I just wanted to pat myself on the back again for something I wrote a few weeks ago. As Roger Clemens struggles with a groin injury and the Yankees apparently contemplate whether to terminate the deal before Clemens reaches the majors (and they are then obligated to pay him the full $18 million), I have to say that I could see this coming. Here's what I wrote back on May 7th:

The biggest problem with signing a 44 year old (He turns 45 in August) is that they are basically pitching on borrowed time. Nolan Ryan had the most remarkable pitching arm I have ever seen. He could basically dominate hitters with his fastball until the day he retired at age 46. Nolan would probably still be pitching if his legs didn't give out. The same can be said of Roger Clemens. He has never had any serious arm problems and will probably be able to pitch until his legs give out. When will that be? No one knows, including Roger. He will get himself into great pitching shape, but there comes a time when although the heart is willing the body is not. Roger wont' be felled by arm problems, but his demise will probably come through a series of lingering hamstring and groin pulls.
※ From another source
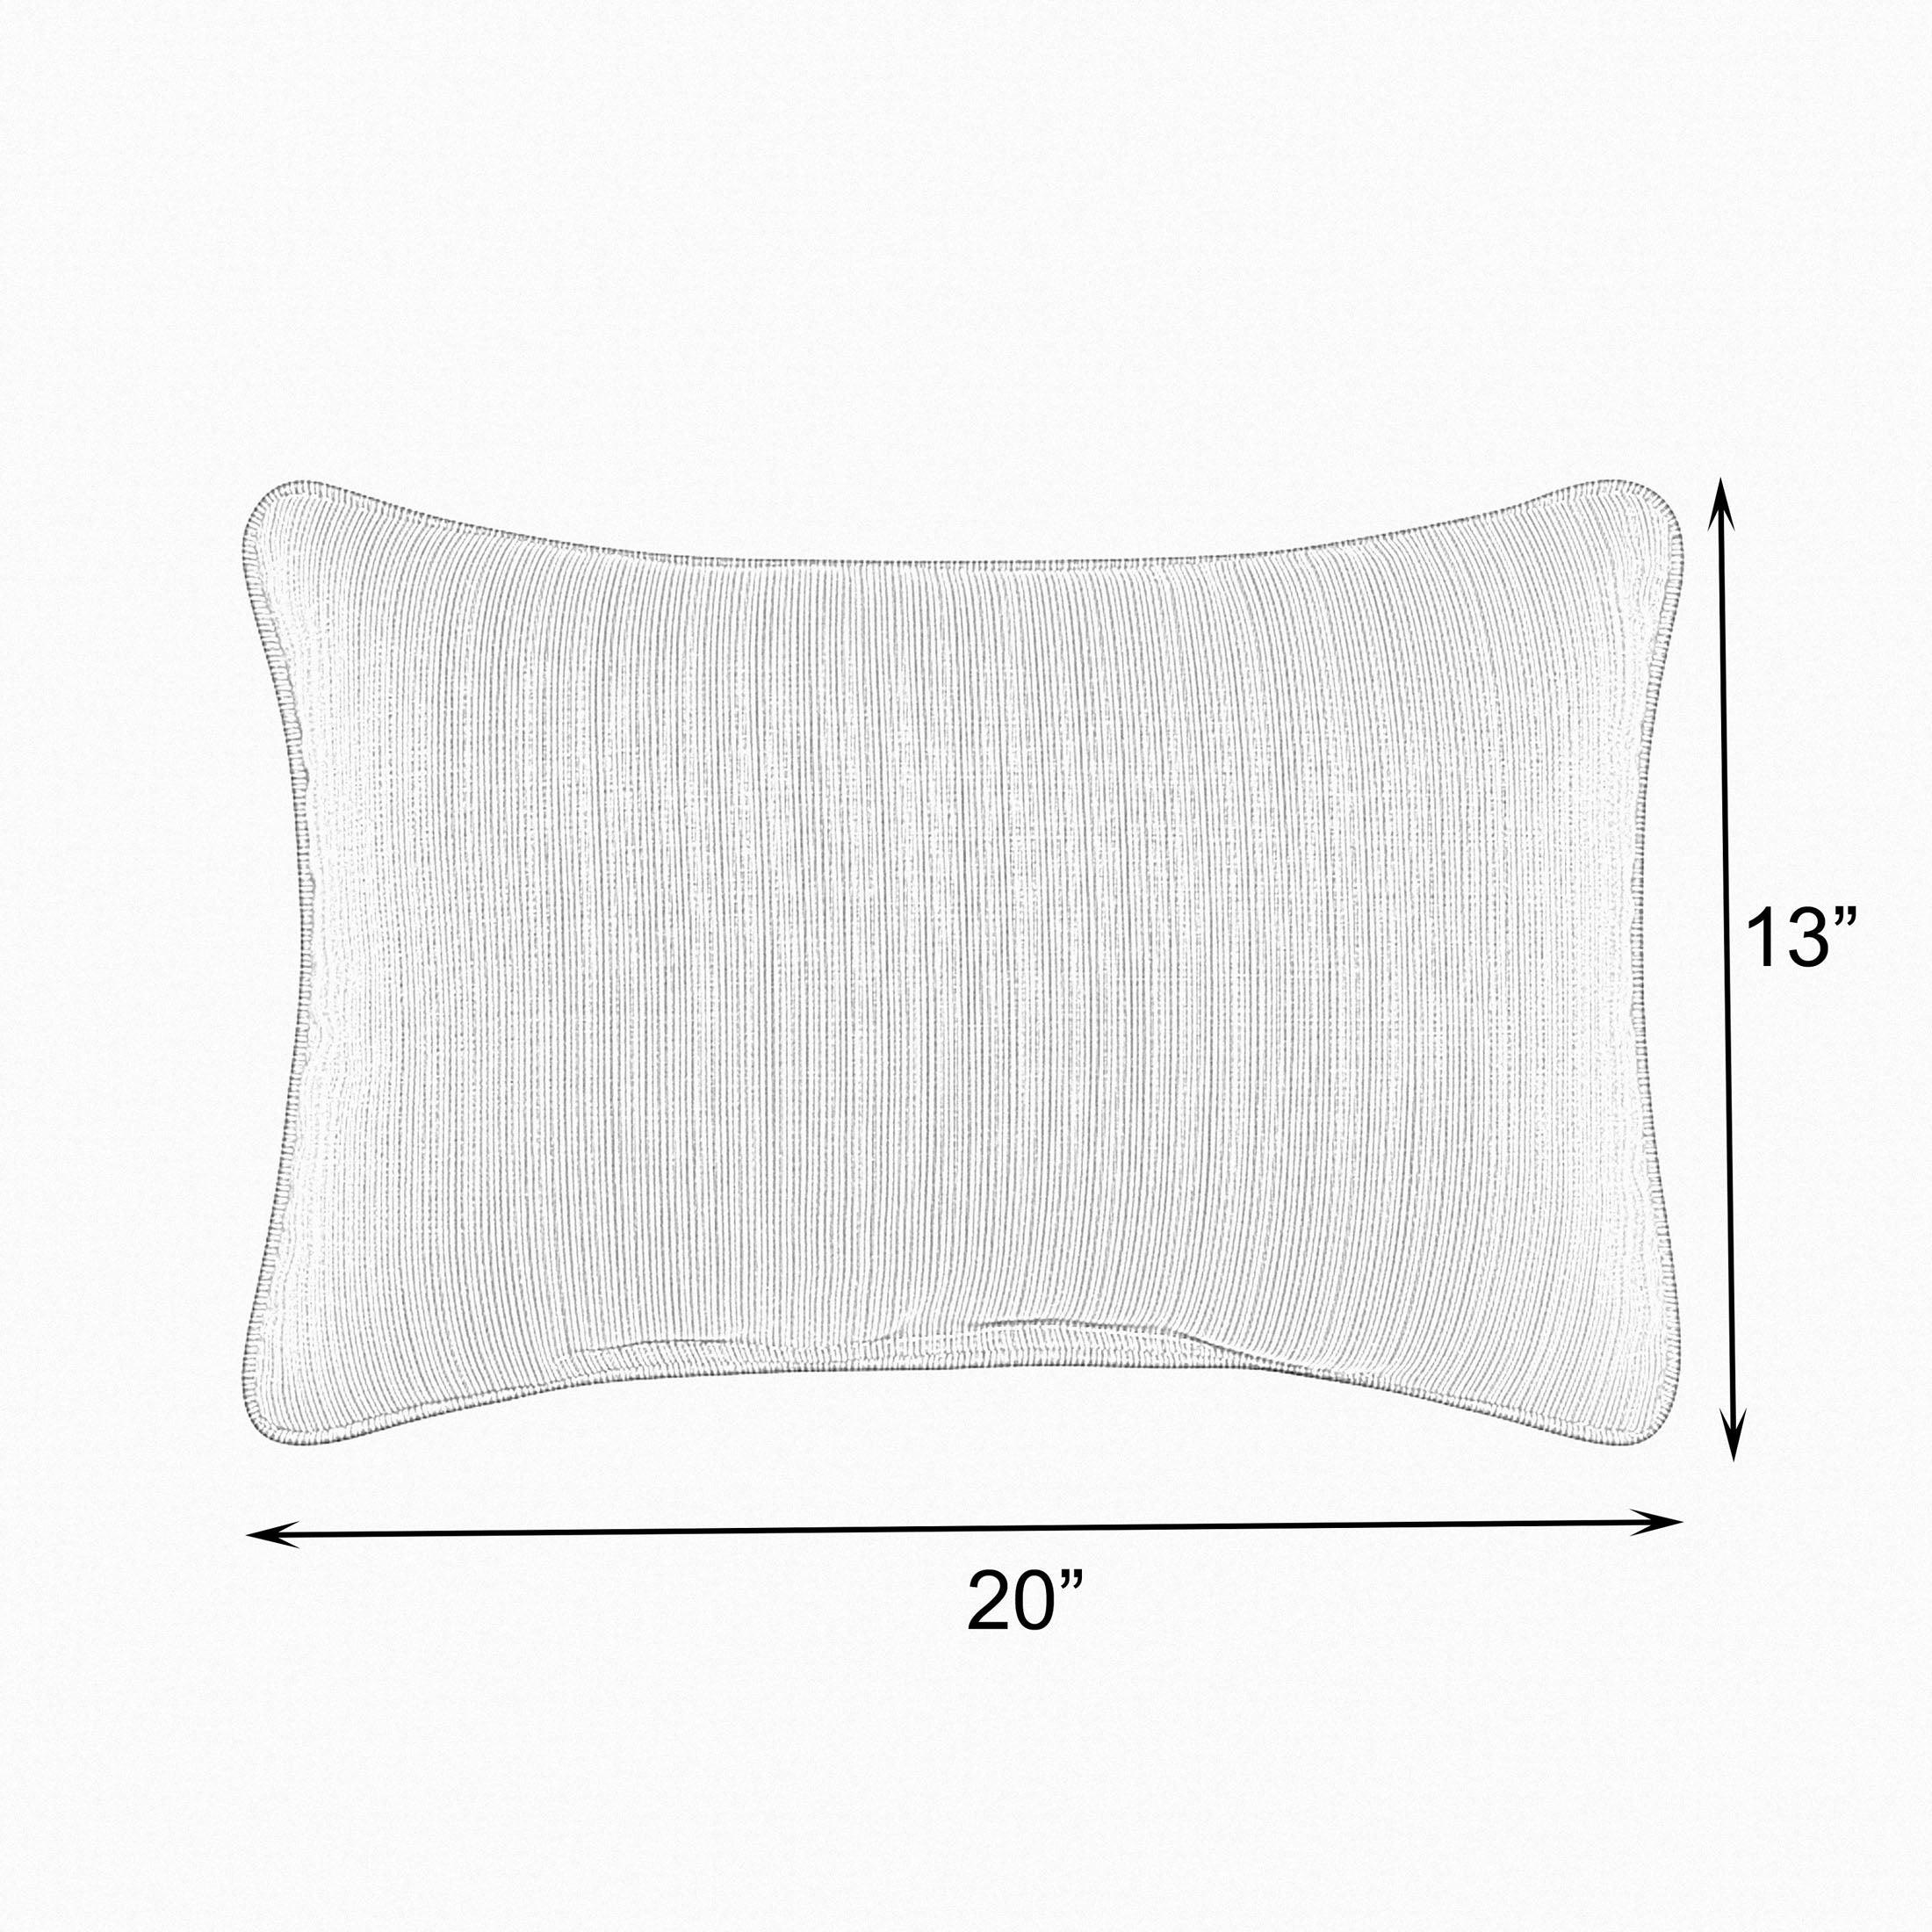 Sunbrella Pillow with Double Petite Flange (Set of 2) - Sorra Home

We've already seen what hamstring problems have done to the Yankees pitching staff this season and Roger is certainly not immune to those issues.

So for all you faithful readers out there, I promise to do my best to keep coming up with that kind of insightful commentary. Of course the fact that I can come up with those kind of comments just means that instead of doing something productive with my life, I have wasted a huge chunk of it watching baseball. Oh well, no one ever accused me of being smart. A jackass, yes, but smart, not so much.